My Anglo-Saxon knowledge is fairly limited, I'll admit, but my overall impression is that the lines between pagan and Christian religions was less a clash and more a sort of... smoosh. There are bits that overlap, aspects of pagan culture which were adopted into the Anglo-Saxon vision of Christianity. You can see this is some of the relgious art of the time, with the snake eating its own tail motif actually drawn from the Norse, based on Jormungand.

I'd suggest looking at the Staffordshire Hoard as a starting point on Anglo-Saxon art.

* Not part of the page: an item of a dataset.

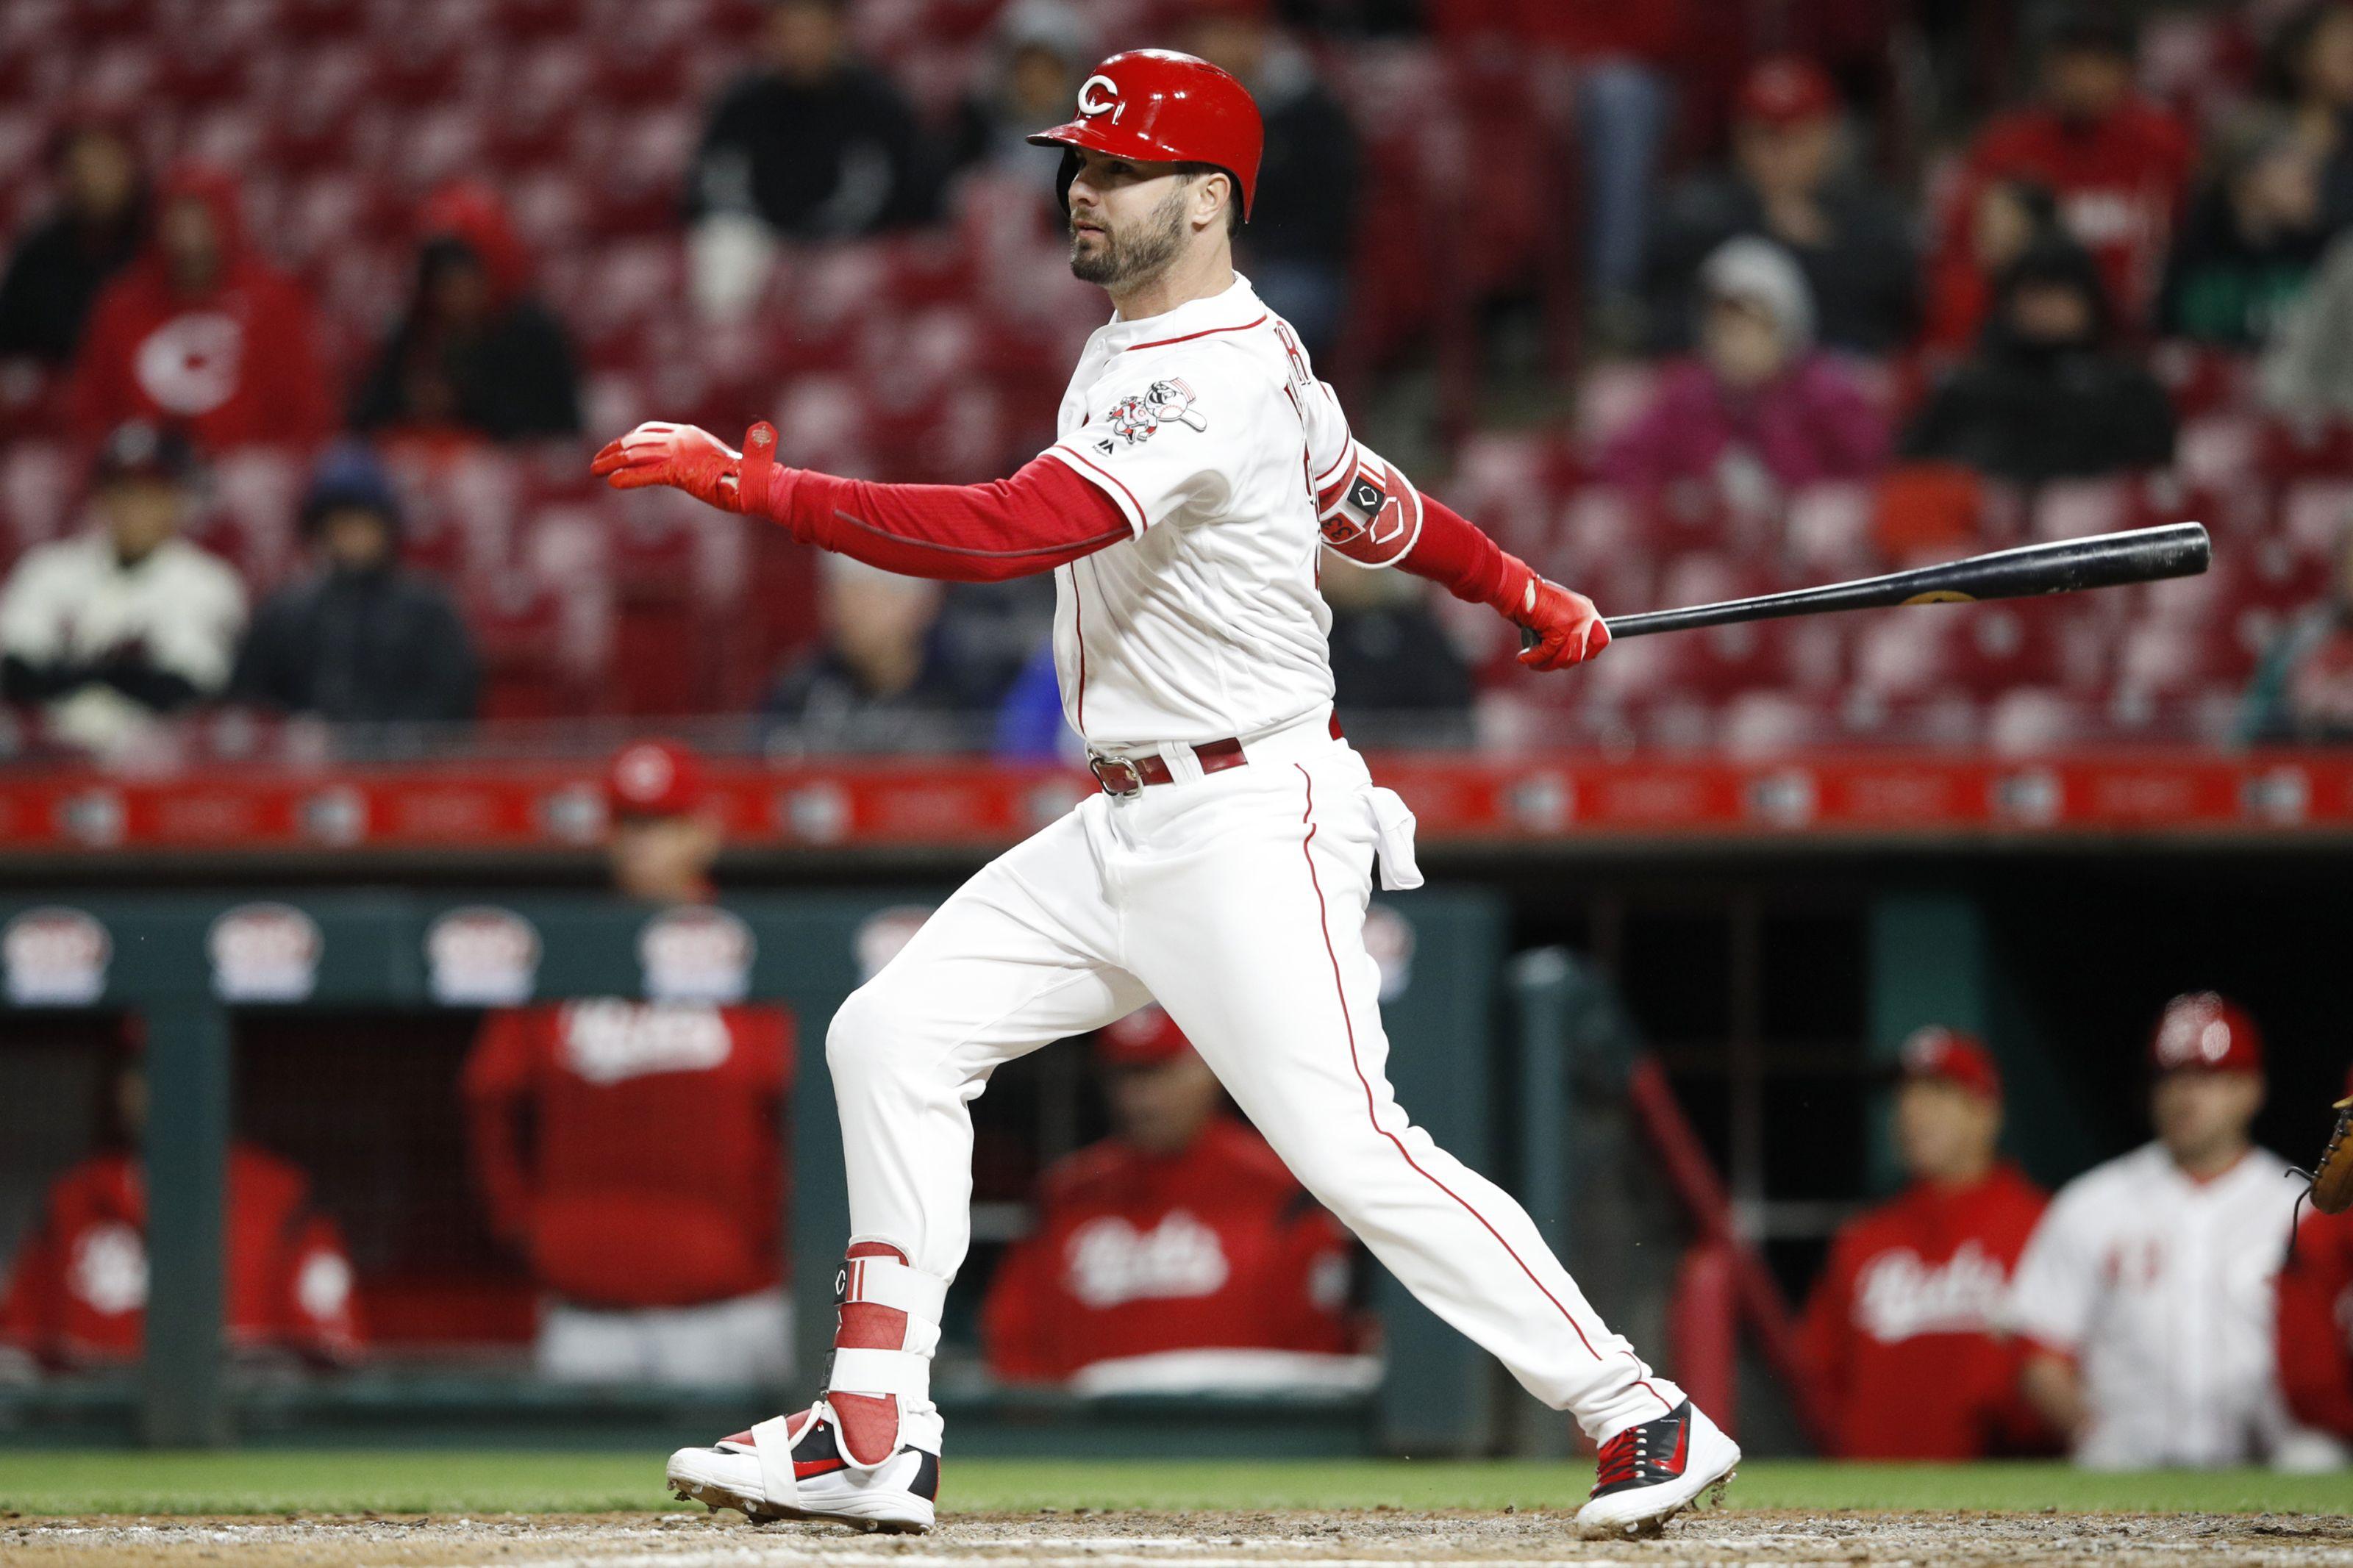 Cincinnati Reds: Where does Jesse Winker fit in next year's lineup?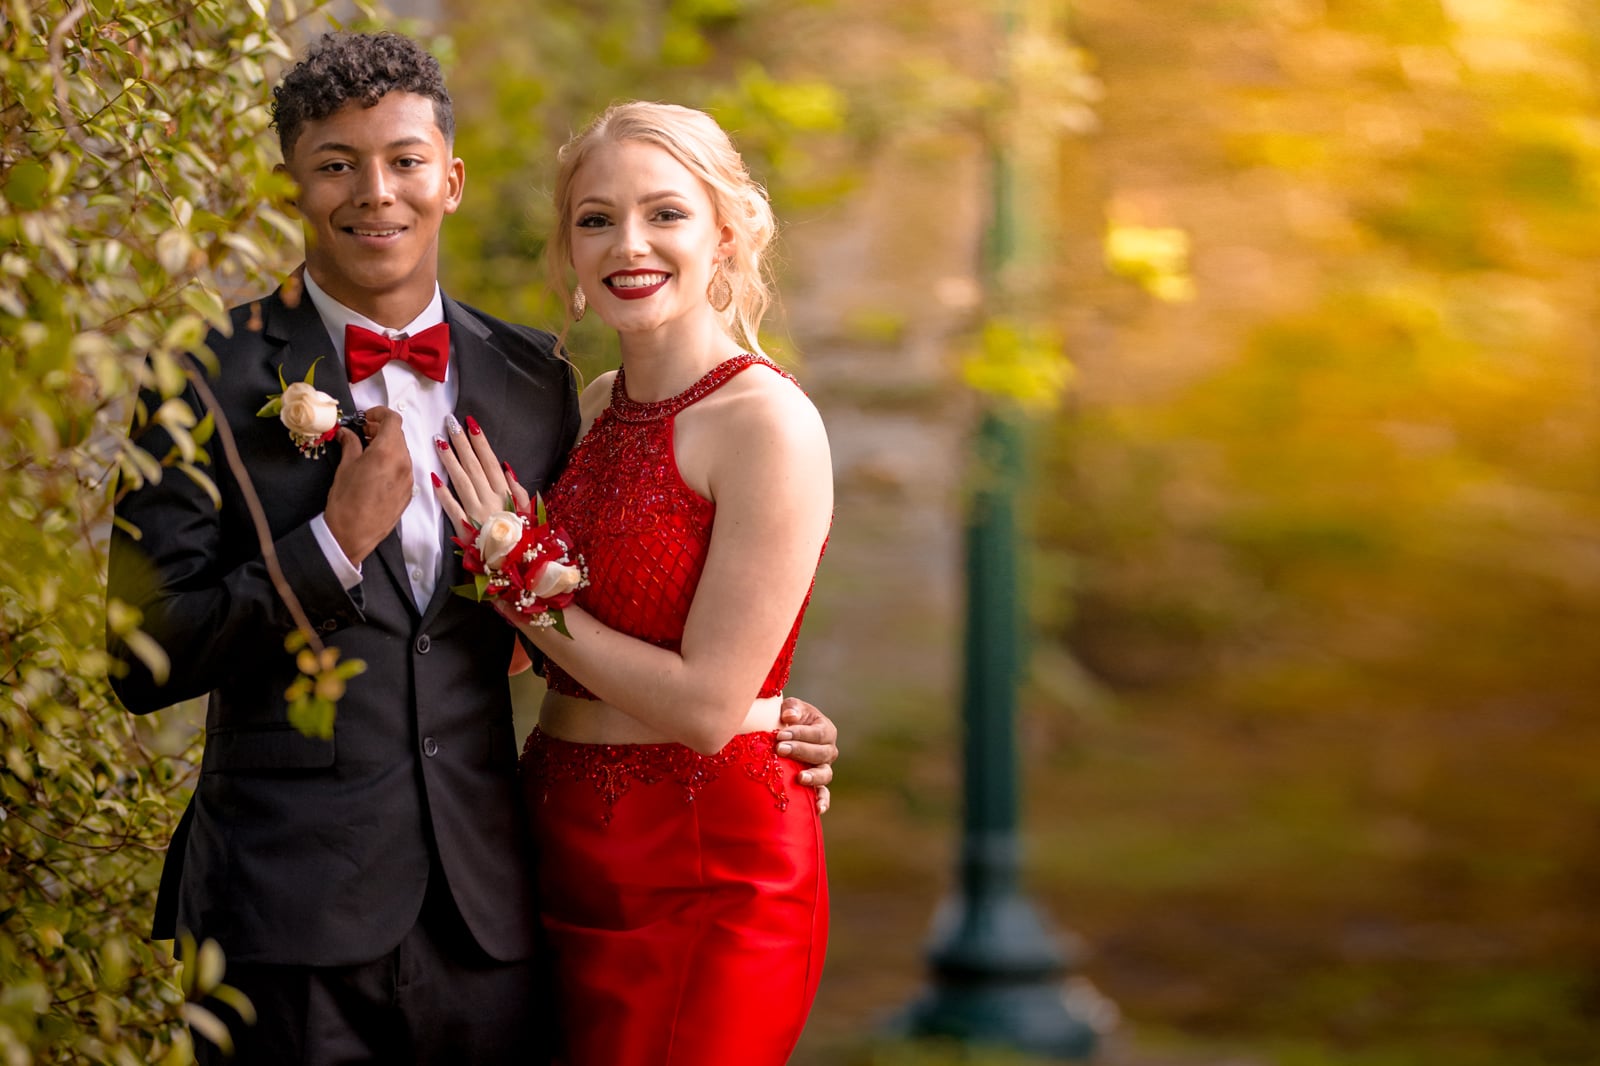 prom dates in suit and red dress pose next to green plant fence with light post in background

This website seems to have some basic information that might help on the daily life side of things.


----------



## Ravana (Jun 8, 2012)

Chilari said:


> What are you talking about Jabrosky? It is in the Research forum. And always was. I did nothing. Nothing I tell you. It wasn't me.



LOL!

"Smoosh," indeed. The whole of Anglo-Saxon England was converted–officially, that is–in under a century. There were occasional vacillations during the period… most of which lasted a whole year or two. (Wessex seems to be the only significant exception.) That, however, is what the _rulers_ did: what the common folk did may have been rather different. I suspect that mostly what they did was not care one way or another, so long as they got to hold parties at the same times of year. Couldn't prove it offhand, though; that's been my impression about most religious conversions throughout much of history, however.

As for daily life, you can also try sources on northern Germany, Denmark and Norway during the same time, as that's where they came from, if you run dry on other options. Most of the details would be similar.


----------